Żeby nie było, że mam coś przeciwko ludziom wierzącym, ale boję się fanatyzmu i tu przytoczę rozmowę w Radio Maryja, tfu Kasiora, do którego dzwonią właśnie fanatycy:
Józef z Łodzi: – Tak długo myślę, jak to jest, że ludzie tak wykształceni jak pan Komorowski muszą wiedzieć, że piąte przykazanie jest: „nie zabijaj”. Jeżeli podpisał to świadomie, złamał to „nie zabijaj”. Pan prezydent właściwie to nie powinien być prezydentem, bo pan Kaczyński wtedy wygrał, jest to prawdą. Jest to rosyjski agent pochodzenia ukraińskiego, żeby wszyscy wiedzieli, dziękuję, szczęść Boże.
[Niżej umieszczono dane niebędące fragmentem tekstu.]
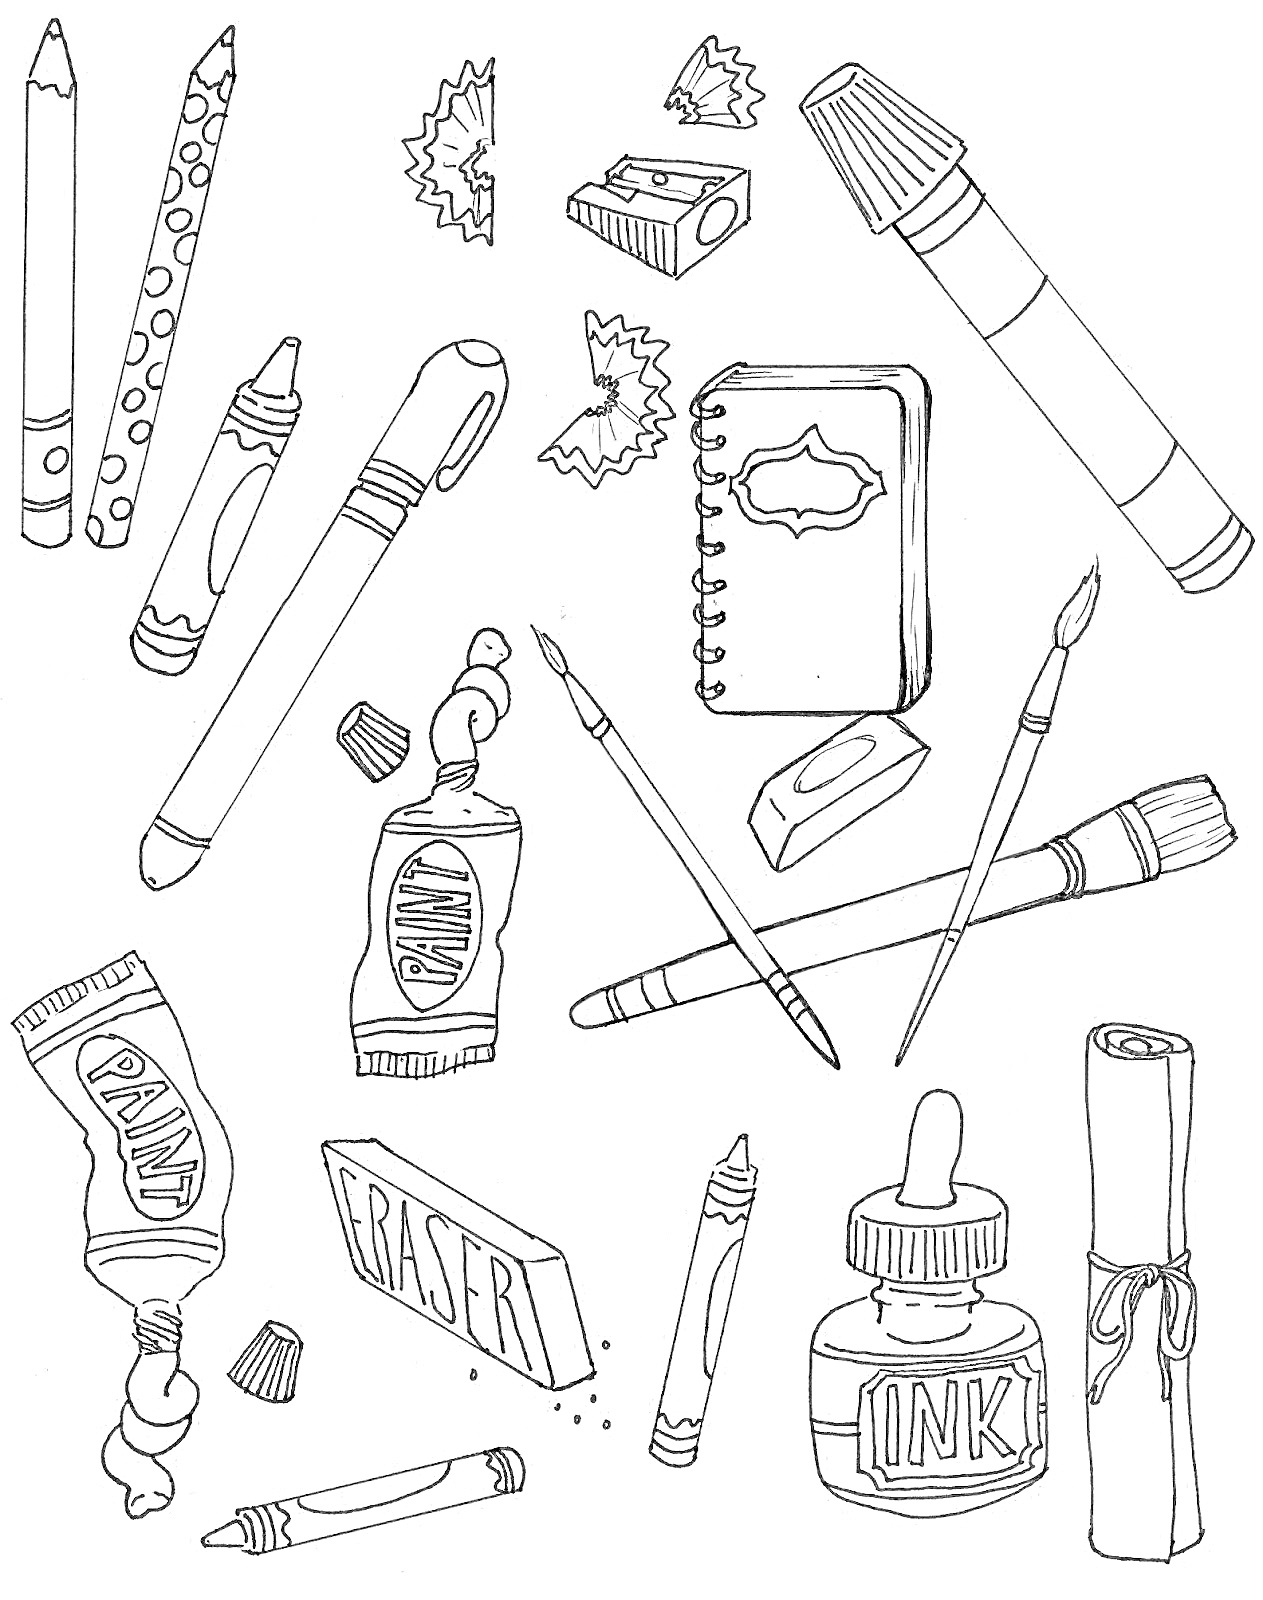 Канцелярские принадлежности (карандаши, ручки, точилки, линейка, краска, тюбик с краской, кисти, блокнот, стерка, чернильница, свиток)

Prowadzący: – Panie Józefie (westchnienie), chce się powiedzieć: jakie decyzje, takie wykształcenie. To wykształcenie chyba z kosza wyciągnął na śmieci albo po prostu kupił na bazarze. Taki jest prosty wniosek człowieka myślącego. Pan Bronisław Komorowski podejmował decyzje, które pokazują, jakiej historii się uczył. A co do in vitro, to wystarczy porozmawiać z lekarzem, który nie jest sprzedany pieniądzu. On powie jasno: jest to zabójstwo, jest to eliminacja, koniec kropka.
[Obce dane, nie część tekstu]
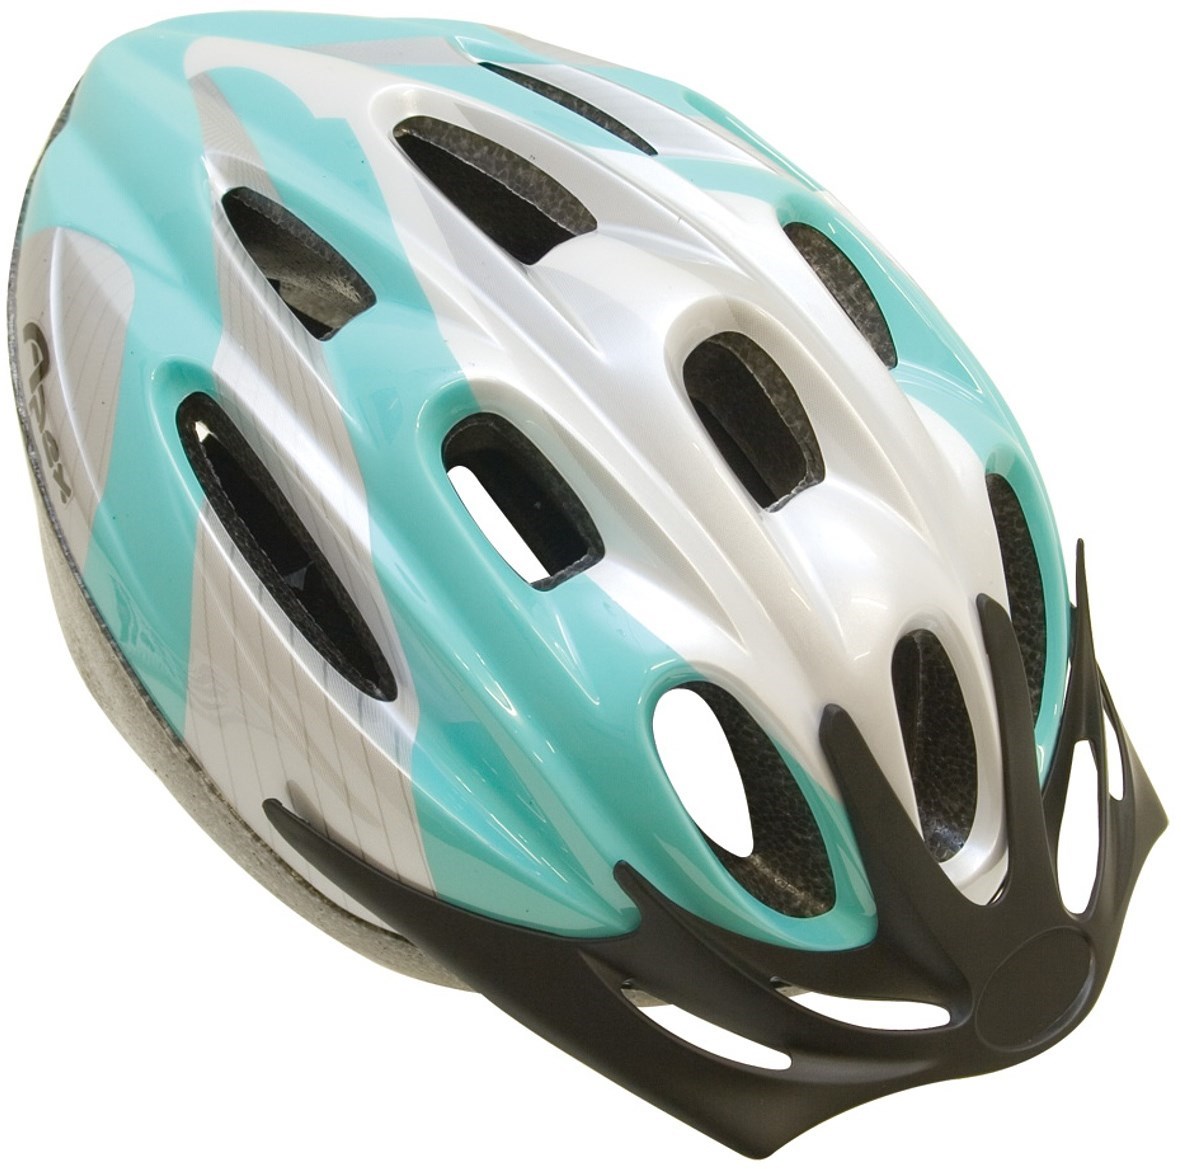 Apex Zephyr Helmet product image

Witold z Warszawy: – Chodzi o prezydenta, no nie naszego jednak, bo ktoś tam za nim musi stać. On wymaga pomocy, bo on nie jest autonomiczny, tak wygląda, ma jakiegoś oficera prowadzącego.
Prowadzący: – Panie Witoldzie, zgadzam się, że potrzebuje pomocy, ale otrzymuje pomoc. Jest to pomoc narodu, Episkopatu, Kościoła, która mówi mu: panie prezydencie, błądzi pan, występuje pan przeciwko Bogu, człowiekowi i narodowi.
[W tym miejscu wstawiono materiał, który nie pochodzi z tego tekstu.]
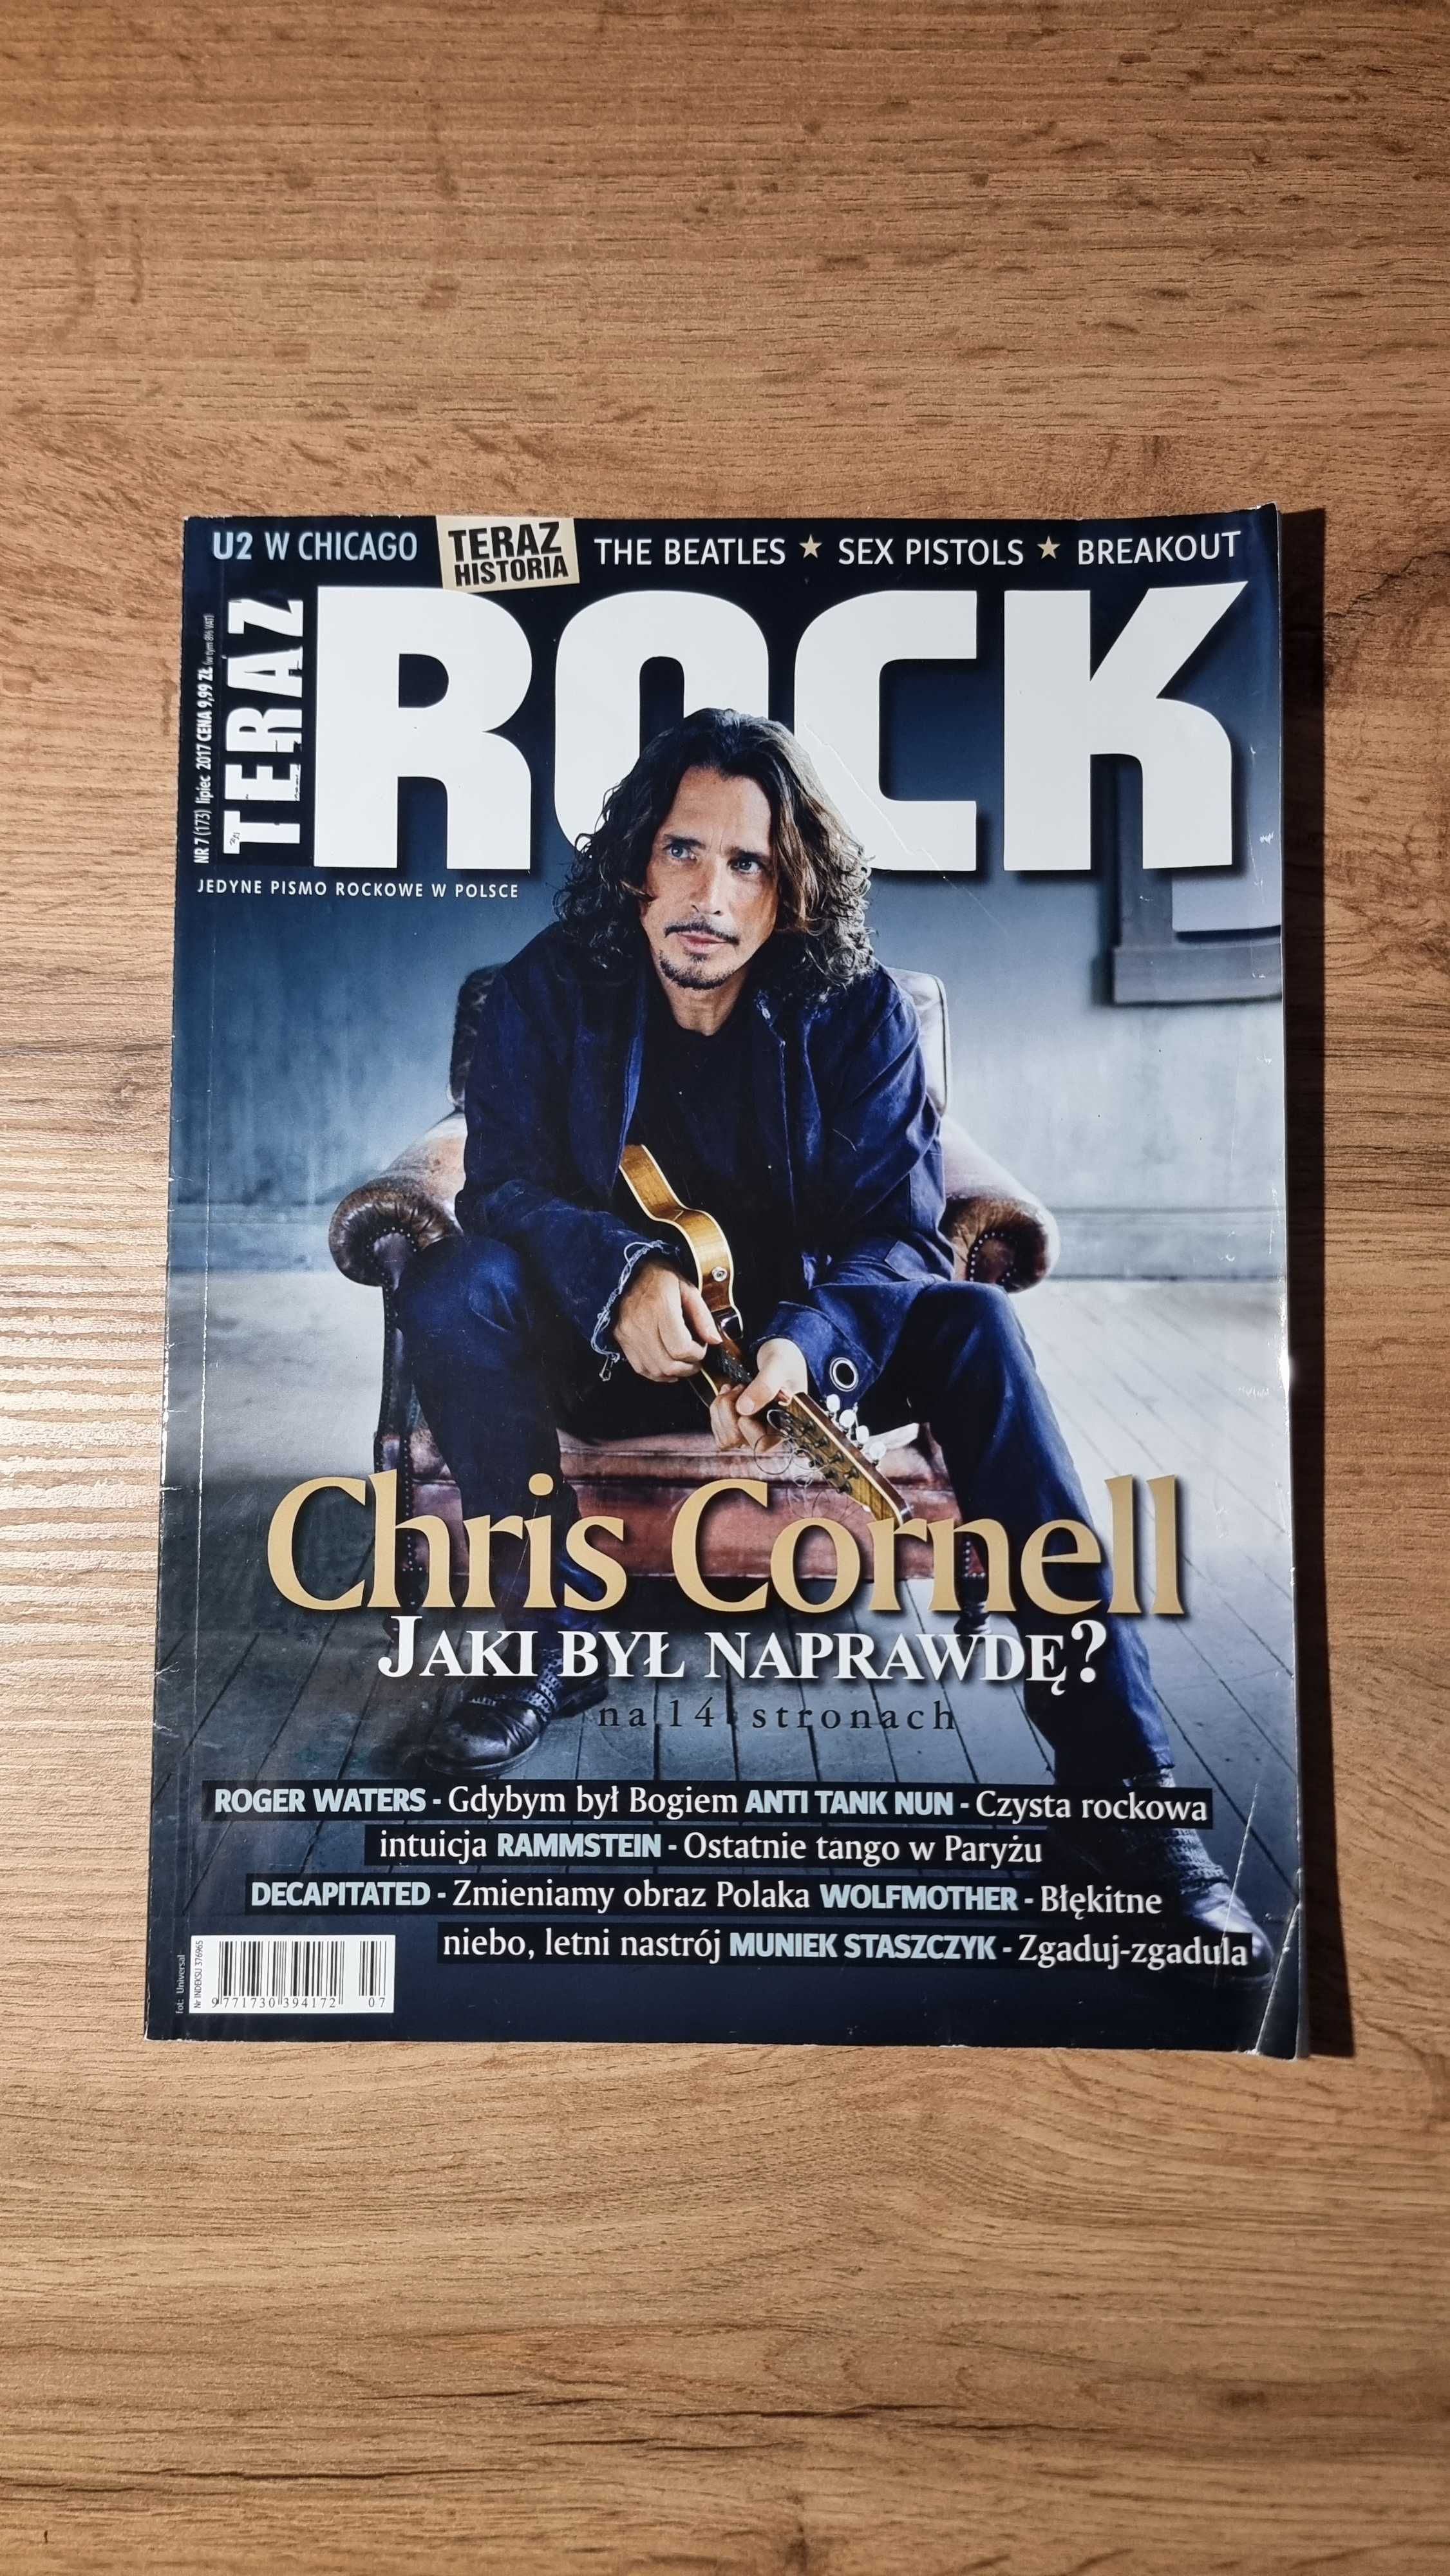 Teraz Rock (173) 7/2017 - Chris Cornell, Rammstein, The Beatles

Witold z Warszawy: – Ale to nie on, najprawdopodobniej…
Prowadzący: – On, on się podpisał.
Witold: – Ale to jakby pod pistoletem stał.
Prowadzący: – Zadam takie pytanie: wąż zgrzeszył czy Ewa? Kościół dał szansę Komorowskiemu, mówił mu: jeżeli to podpiszesz, to jest koniec z tobą, zgrzeszysz, upadniesz. Miał wystarczająco dużo łaski i wsparcia w narodzie, by powiedzieć: są rzeczy, których się nie głosuje. Tak jak za chwilę przegłosowana zostanie ustawa o dopuszczeniu gwałtu, by coś uporządkować.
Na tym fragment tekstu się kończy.